As the K-9 officer approached the house with his dog on a leash, the blonde ran out on the porch, shuddered at the sight of the cop and his dog, then sat down on the steps. Putting her face in her hands, she moaned, '"I come home to find all my possessions stolen. I call the police for help and they send me a blind policeman!"
A blonde wanted to go ice fishing. After getting all the necessary "tools" together, she made for the nearest frozen lake. After positioning her comfy stool, she started to make a circular cut in the ice. Suddenly, from the sky, a voice boomed, "There Are No Fish Under The Ice!"
Startled the blonde moved further down the ice, poured a thermos of cappuccino and began to cut another. Again from the above, the voice bellowed, "There Are No Fish Under The Ice!"
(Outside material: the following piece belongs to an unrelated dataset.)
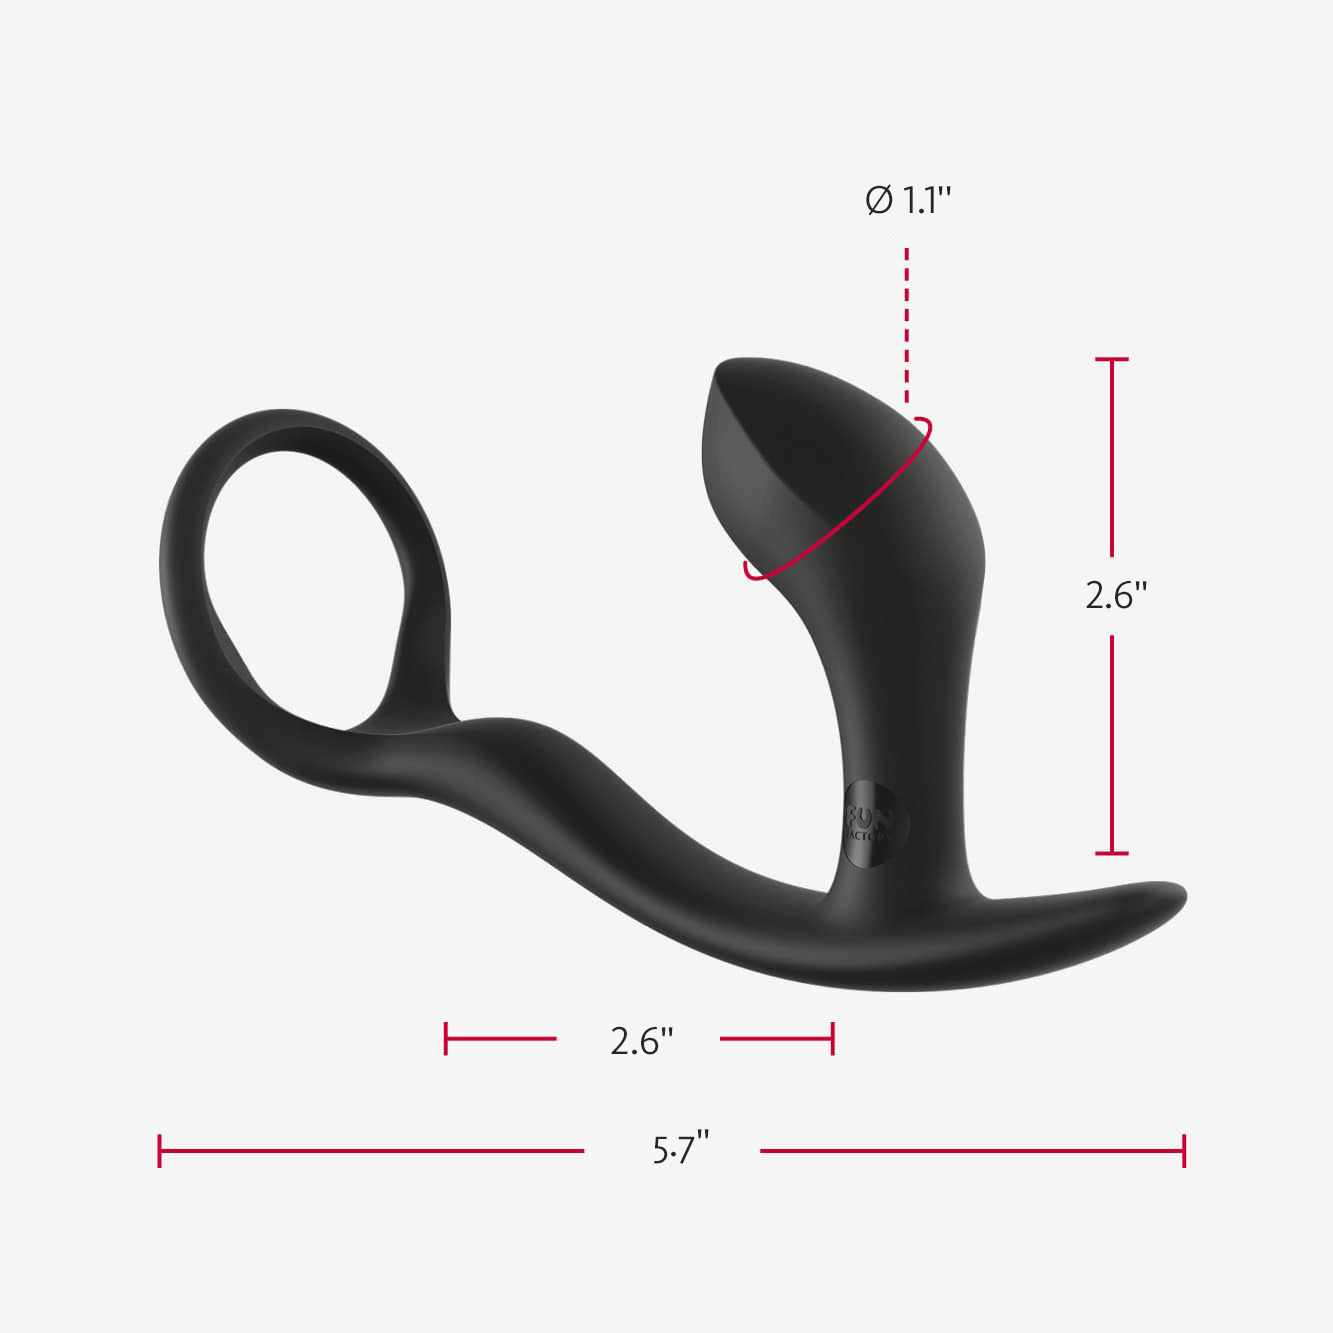 Measurements for cock ring BOOTIE RING

The blonde, now quite worried, moved down to the opposite end of the ice, set up her stool, and tried again to cut her hole. The voice came once more, "There Are No Fish Under The Ice!!." She stopped, looked skyward and said, "Is that you Lord?" The voice replied, "No, this is the Ice Skating Rink Manager...."
That's it for today my little buttercups. Remember, a person is getting along the road to wisdom when they begin to realize that their opinion is just another opinion. Happy hour sounds good so I'm heading over to AREA 51. More on Friday.